しかし一度理解すると、驚いたことに、全く動揺しなかった。

必ずそんな人もいると分かっていたからだ。

風花姫が先代たちの命を奪ったと言っても過言ではないのだから。

まさか潔く宣言されるとは思わなかったが。


「…そうですか」


「だから、殺して下さい」


は!?と声を上げそうになるが、やっとのことで堪える。

ぶっ飛んだ思考回路の持ち主だったか、と認識を改めなければいけない。


「私が、そんなことで貴女を殺すとお思いですか」


口では冷静だが、内心はプチパニックの露李。


「私は今、敬うべき風花姫様に無礼を働きました。
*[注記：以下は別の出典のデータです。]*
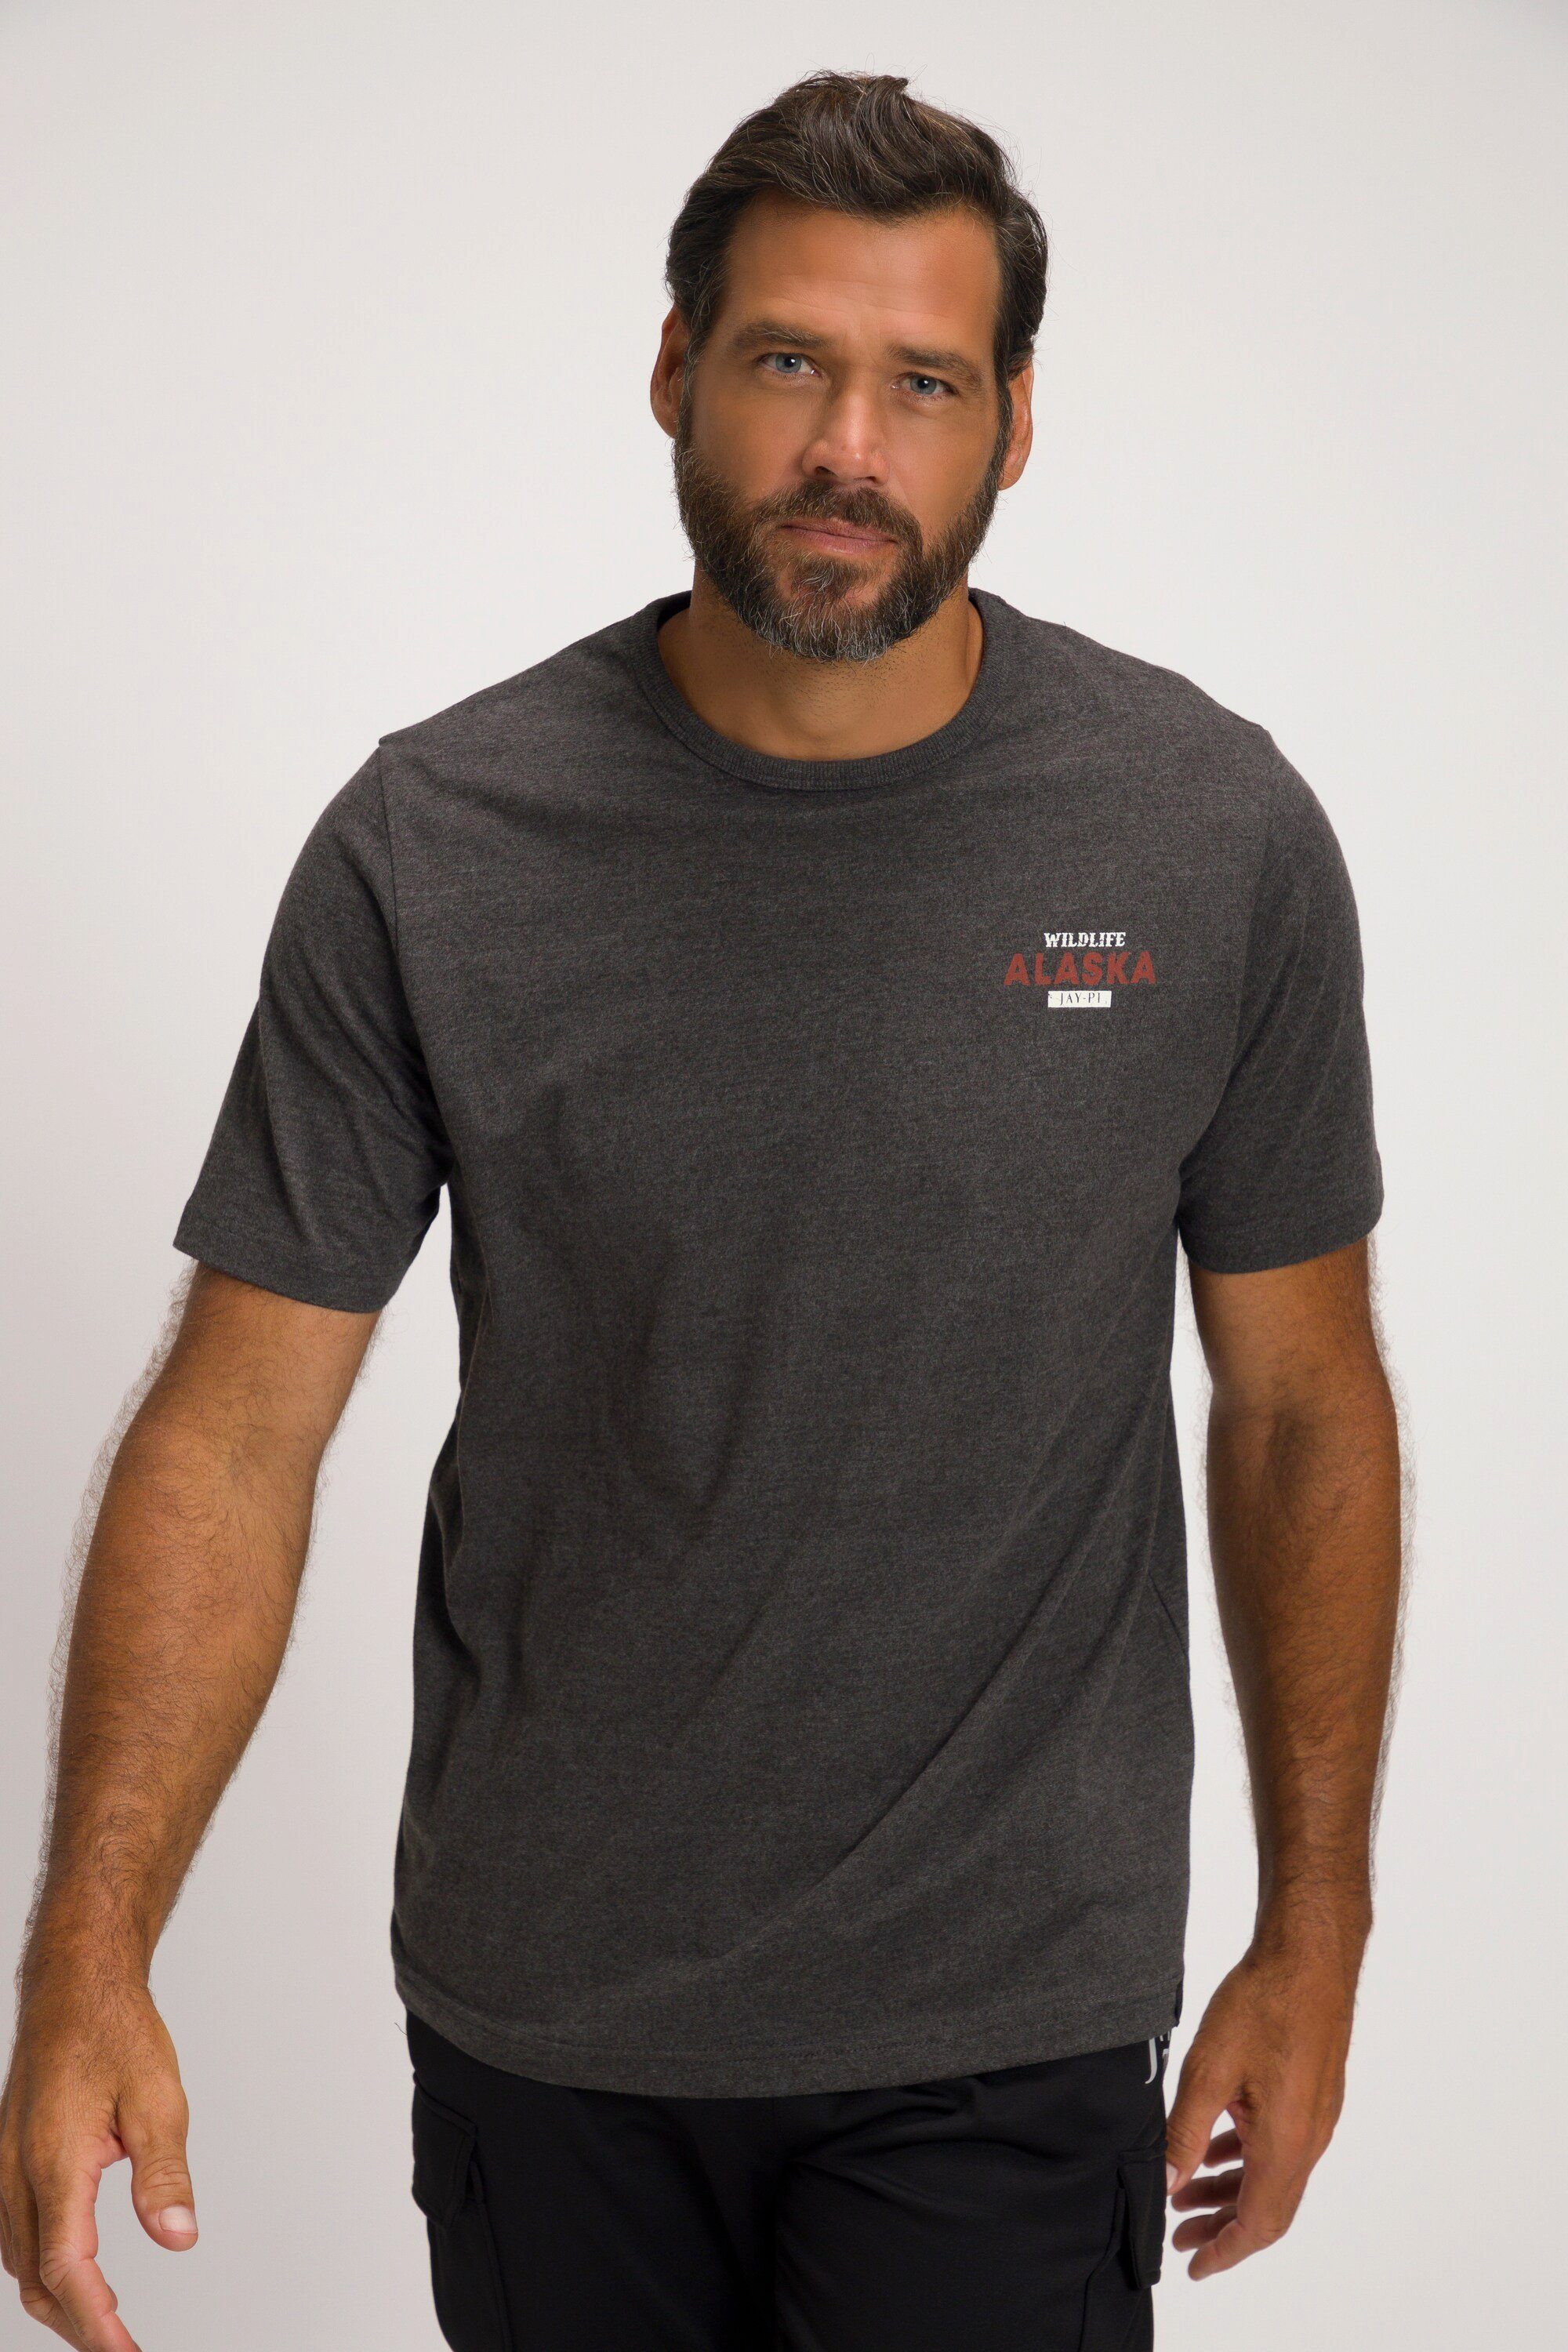 JP1880 T-Shirt Trekking-Shirt Outdoor Halbarm Print

ですから殺して下さい」


澪子は正座のまま淡々と告げる。

睨むような眼差しに狼狽える。

なぜ、澪子がこんなことを言うのか。


「殺すわけないでしょう。貴女を殺せば、皆が悲しむ。無駄な殺生は致しません。第一、私は貴女を殺す理由がありませんから」


張りつめた空気。

お互い穏やかな面持ちでいるのに、何かを戦わせていた。

やがて、澪子がゆらりと立ち上がる。


「どうして殺してくれないのですか」


そう呟く彼女の着物の懐からギラリと光る、鋭利なもの──。


次の瞬間、ガキンッと金属が触れ合う音が響いた。

露李の小太刀と澪子のそれがギリギリとかち合い、拮抗している。


「殺して!」


「何故そこまで!」


「貴女が私に傷をつければっ、私が貴女を殺す理由ができるわ!」


澪子の言葉に目を見開く。

しかしそれは一瞬。

露李は彼女の言い分を一笑に付した。

彼女の顔には、先ほどまでとは桁違いに余裕な笑みが貼り付けられていた。


「私を殺して、皆を守護者から下ろして、それで。その後はどうするつもり?」


澪子の瞳が揺れる。


「花霞こそ、皆を縛るもの。あれが有る限り、死から免れることはない。私を殺して、貴女は皆と生きられると思ってるの?」


ねえ、と呼びかける。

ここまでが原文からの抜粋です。